- **Given data**:
━━━
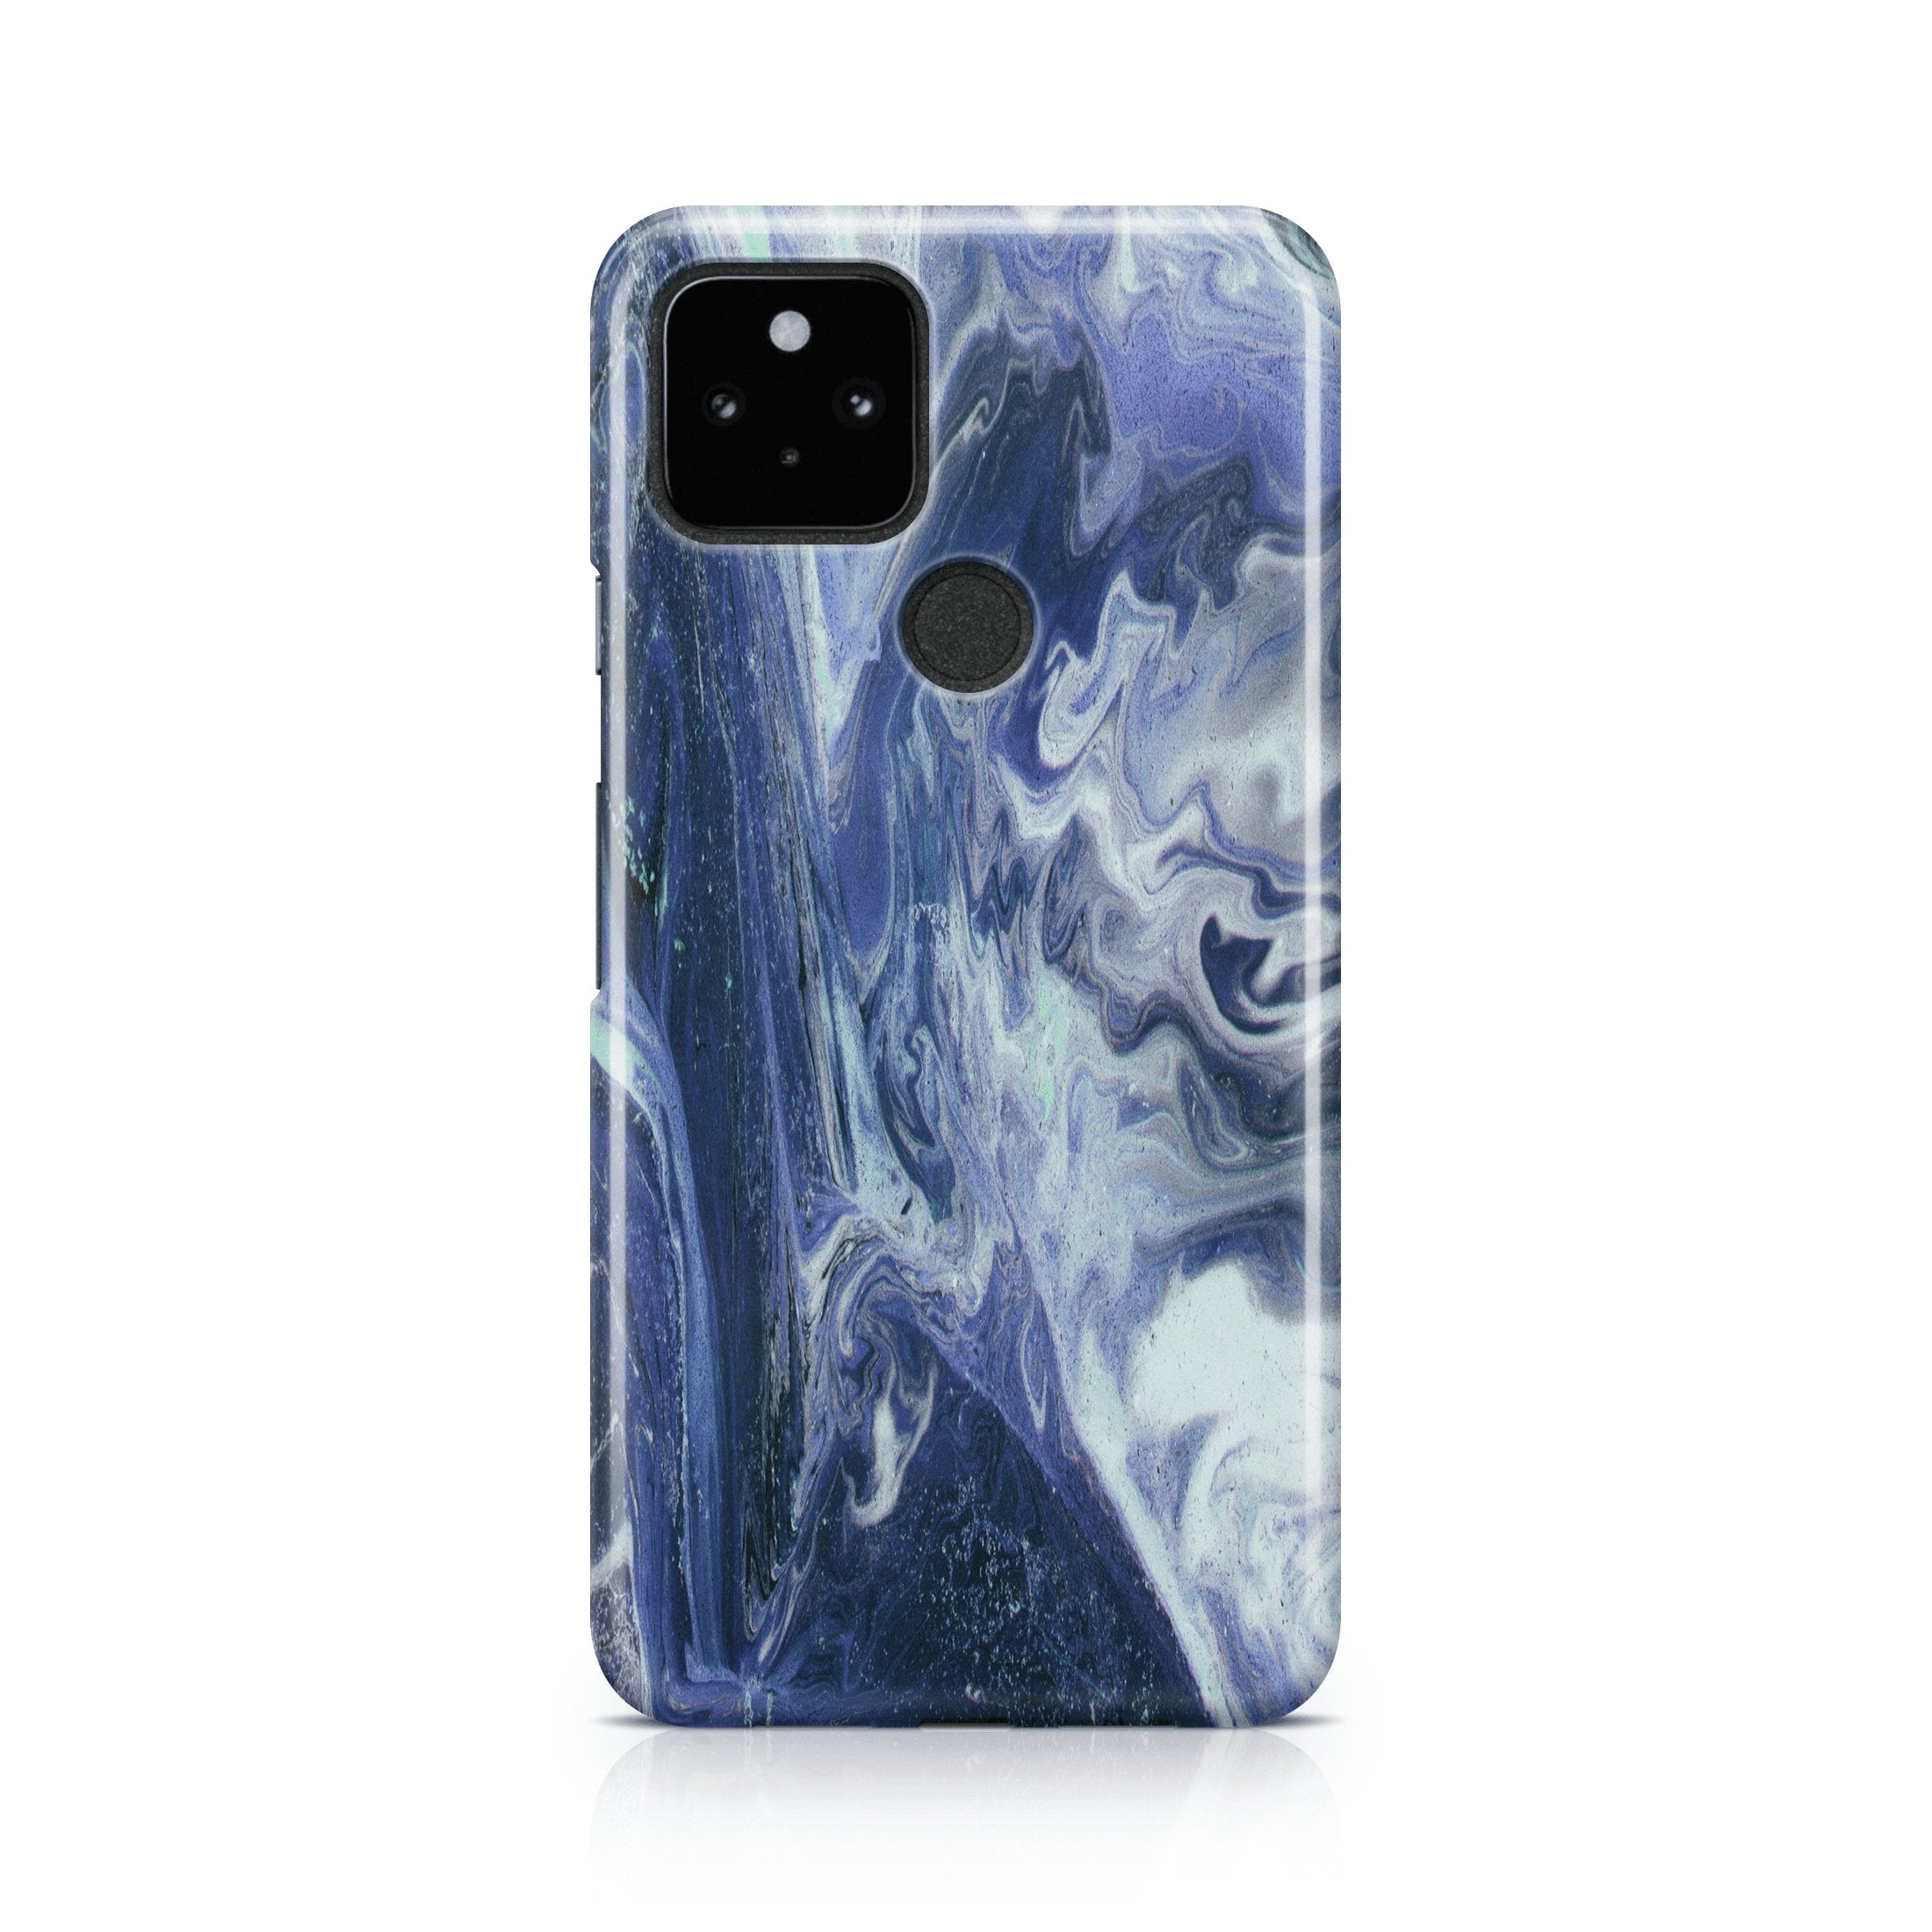 Dark Blue Agate - Google phone case designs by CaseSwagger
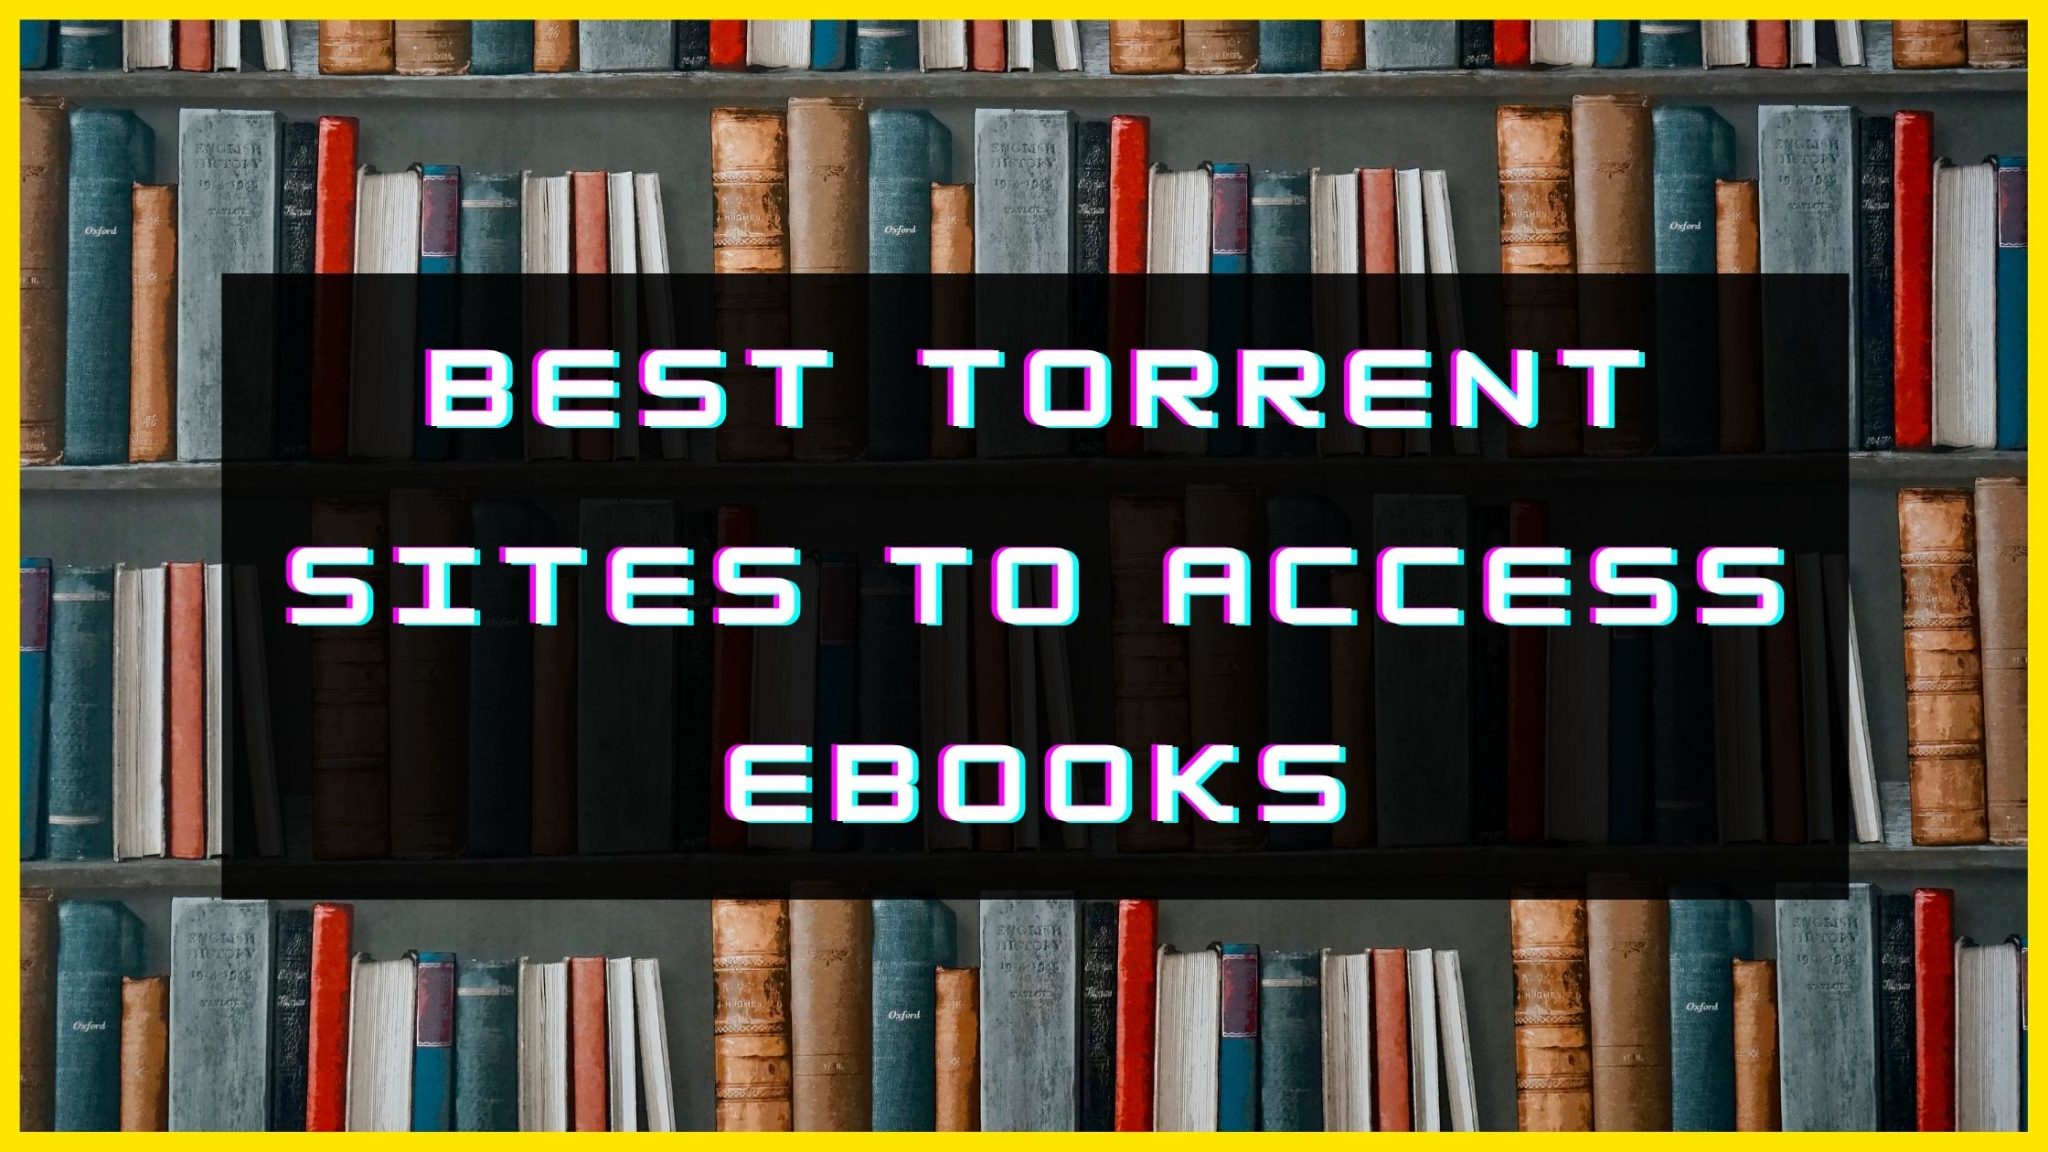 torrent sites to access ebooks
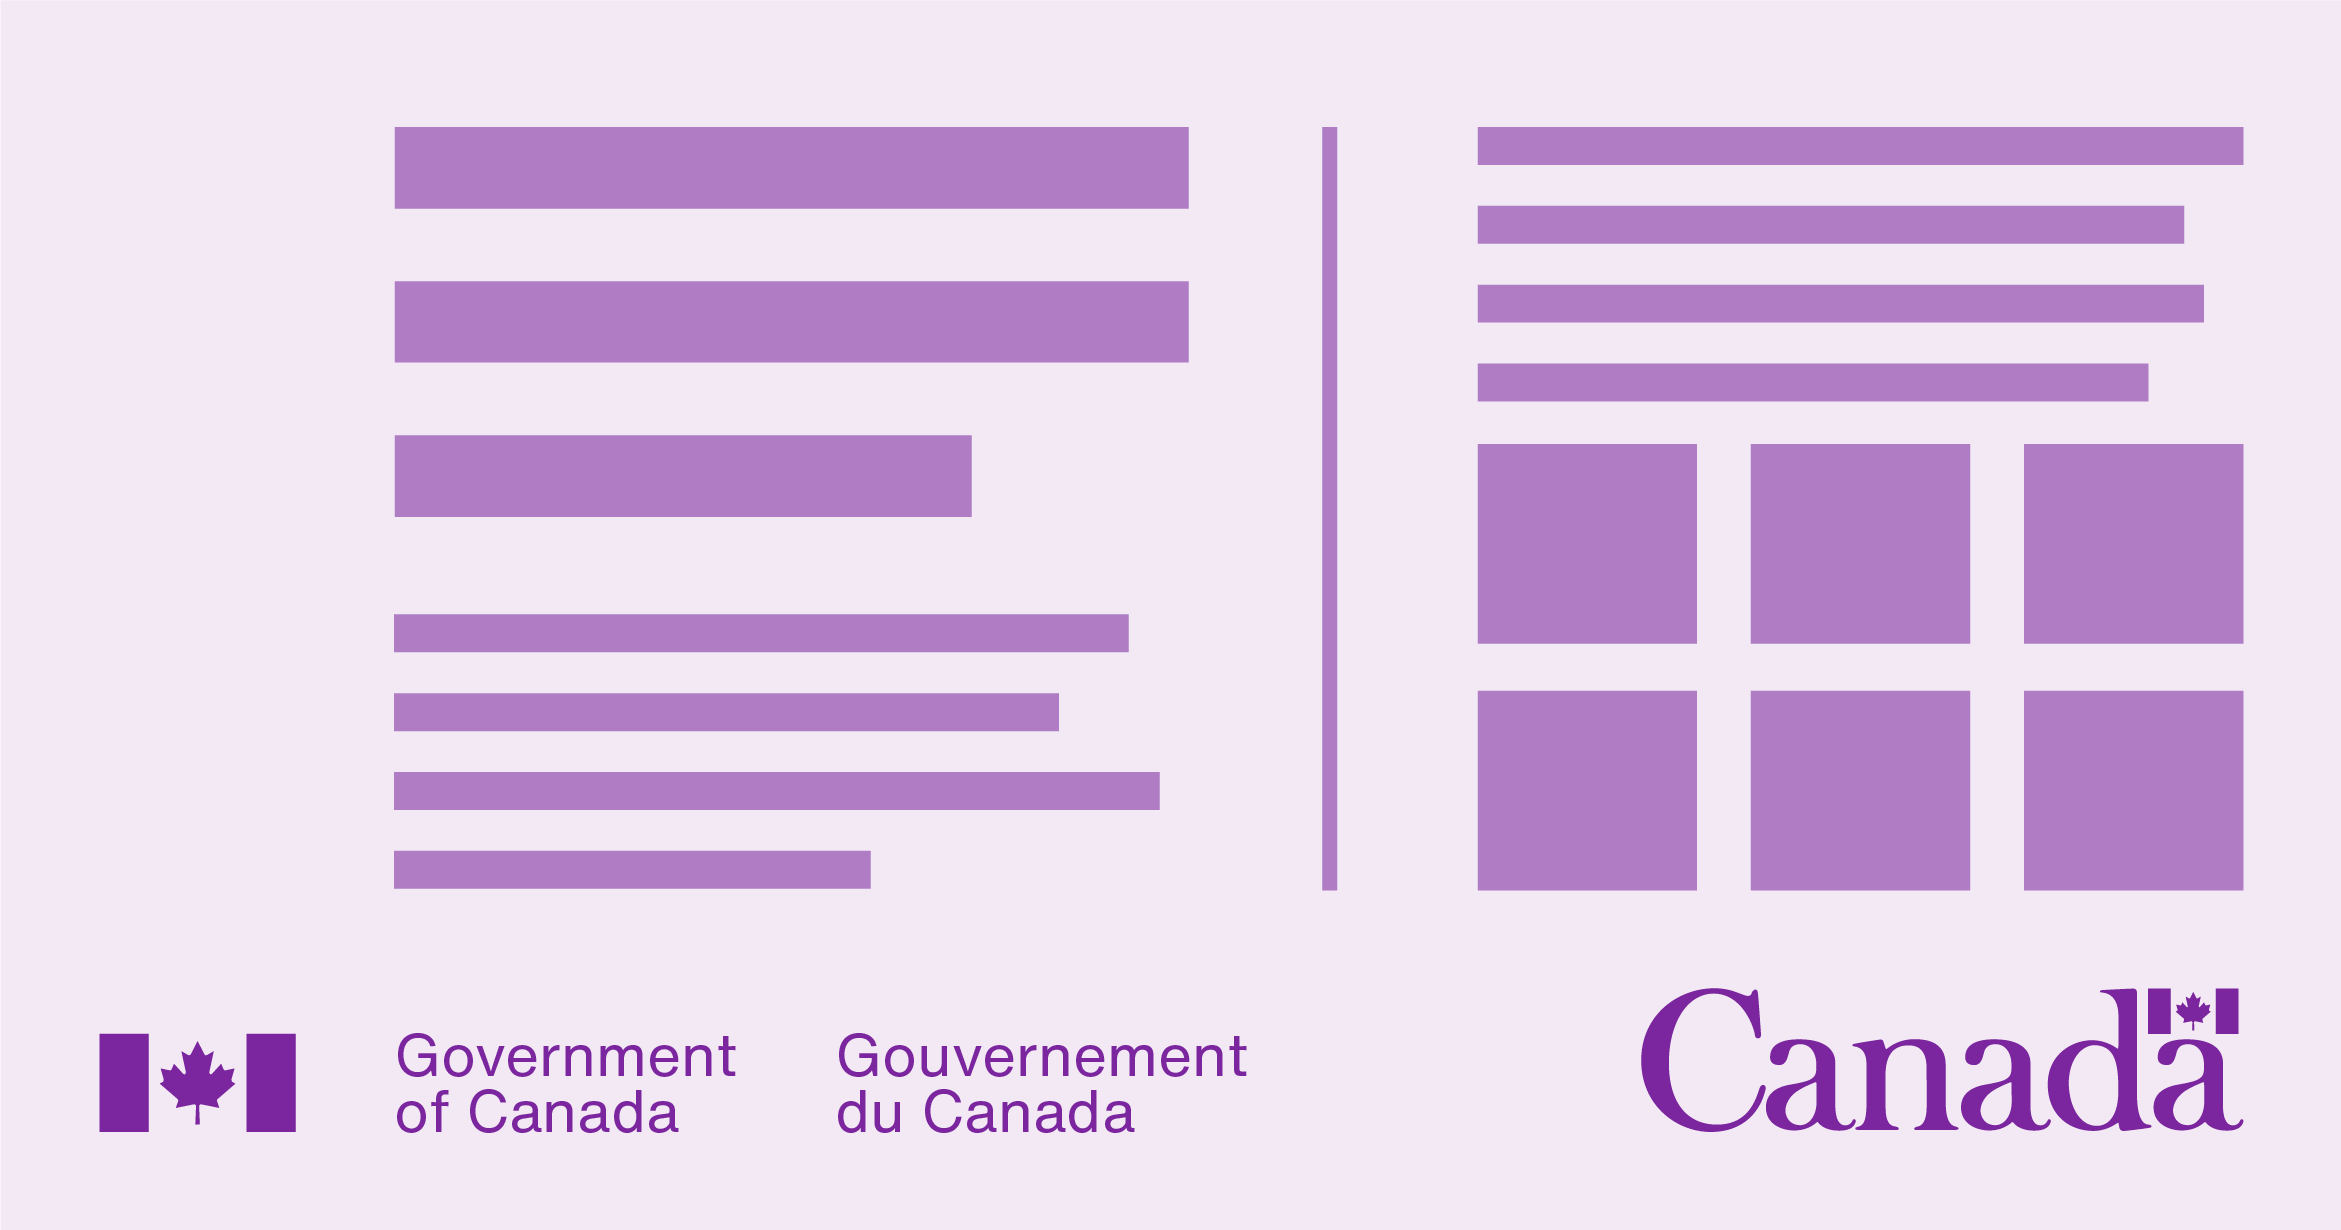 Example of a one-colour reproduction of a print product. All design elements are in purple including the Government of Canada signature and Canada wordmark.
━━━
Print exactly, and only, the lines from the line containing "torrent sites to access ebooks" to the last line of the material above, with every picture left out.

 torrent sites to access ebooks
 Example of a one-colour reproduction of a print product. All design elements are in purple including the Government of Canada signature and Canada wordmark.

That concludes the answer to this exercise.